Но были рядом с Флоренским и те, кого всегда стоило опасаться. Они на рационализатора и изобретателя умудрялись писать доносы, обвиняя в том, что он проявляет халатность, якобы «не посещая производственных совещаний». Эти попросту «стукачи», притаившись, выглядывая и подслушивая, ловили каждый жест, каждое слово, каждый разговор, чтобы потом вывернуть всё поизощрённее, донести, не расплескав, и выявить самого неблагонадёжного элемента. «В СССР карают даже ни за что»; «предотвращают преступления, которые и не могут даже быть»; «очень грубая, но довольно меткая политика Гитлера» — такие доносы с якобы прямой речью Флоренского ложились на стол лагерного начальства.
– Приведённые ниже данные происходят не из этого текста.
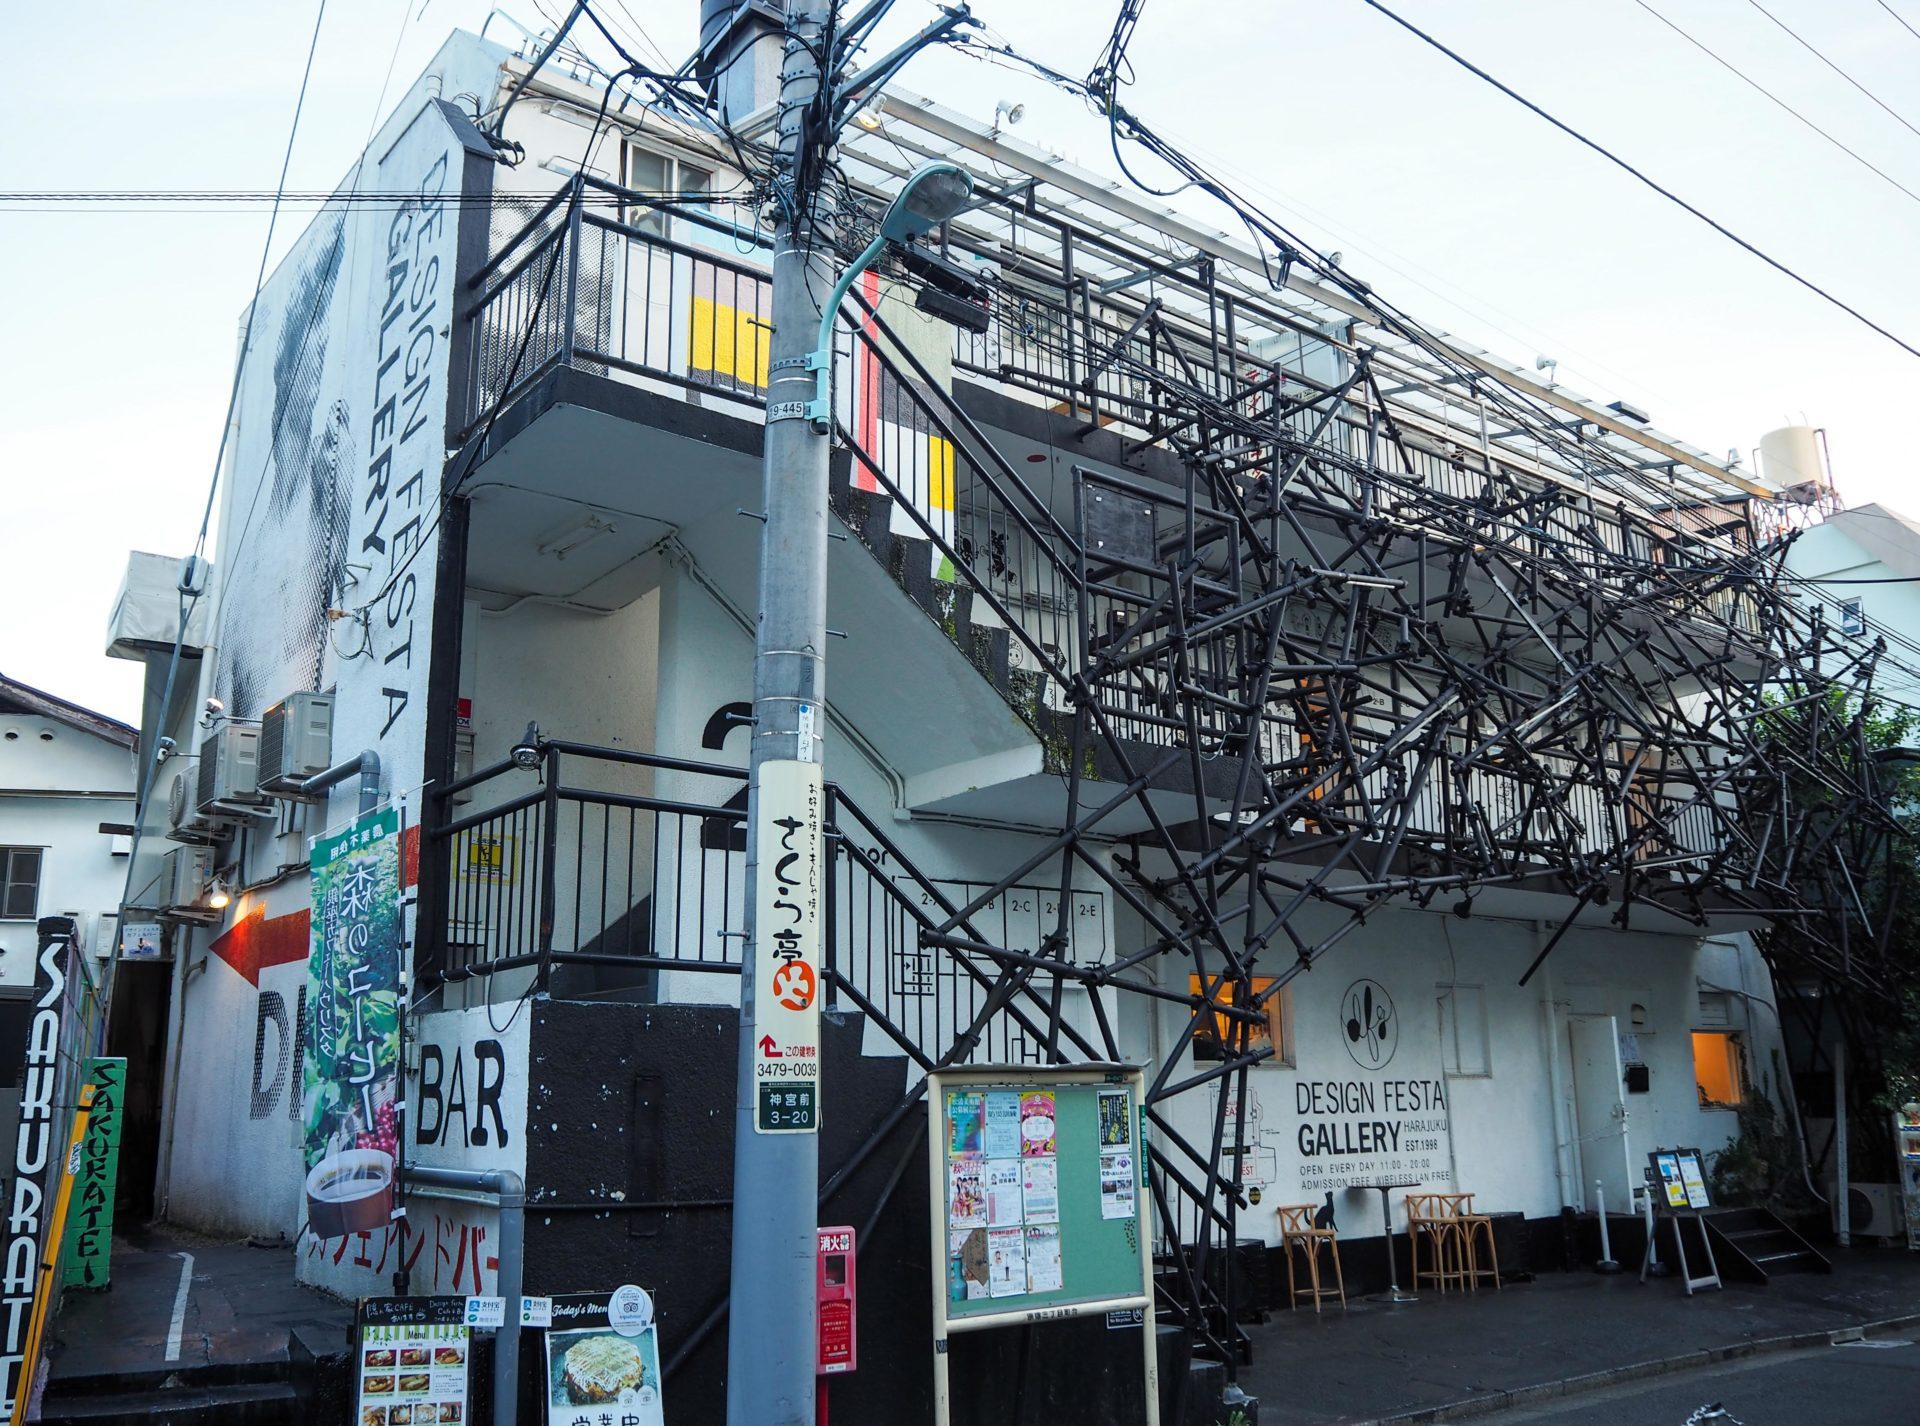 Design Festa Gallery à Urahara à Tokyo - Escale à Tokyo: 24h dans la capitale du Japon - Tokyo en 24h - Récit et itinéraire pour visiter Tokyo en une journée

Они, безусловно, сыграли свою роковую роль, но там, где сквозь косноязычие и скудоумие стукачей можно расслышать интонации, различить подлинный образ мыслей отца Павла, эти доносы стали для нас, как ни печально, единственным источником о тех суждениях, которые невозможно было излагать в письмах, что въедливо вычитывали соловецкие цензоры: «Наша жизнь после лагерей будет изломана»; «Сидеть в лагере сейчас спокойнее, так как не нужно ждать, что тебя каждую ночь могут арестовать»; «Не осуждаю и не одобряю оставшегося за границей. Каждый хозяин своей судьбы. Здесь сложно говорить об измене, просто человек всё взвесил и решил жить вне радиуса действия наших лагерей». Тут и милосердие, и осознание исторических закономерностей, и ощущение трагичности эпохи.
Флоренский осознавал это особое внимание к себе, чувствовал этот немигающий глаз слежки, был предельно осторожен. Его постоянно перемещали: из камеры в камеру, из лаборатории в лабораторию, будто боялись допустить какой-либо укоренённости даже в пространстве острова. Притаившиеся коварство и подлость, конечно, коробили, но всё равно и в уме, и в сердце они отходили на второй план, потому что было ясное понимание — «пора подводить итоги».
Итоги отношений с семьёй, в которых чувство долга, необходимость служения часто лишали возможности побыть с детьми, уделить внимание жене и матери. И теперь острое желание в письмах сказать когда-то не сказанное, отдать детям всё, что у тебя осталось, если у тебя хоть что-то осталось. Остались идеи, воспоминания, молитвы.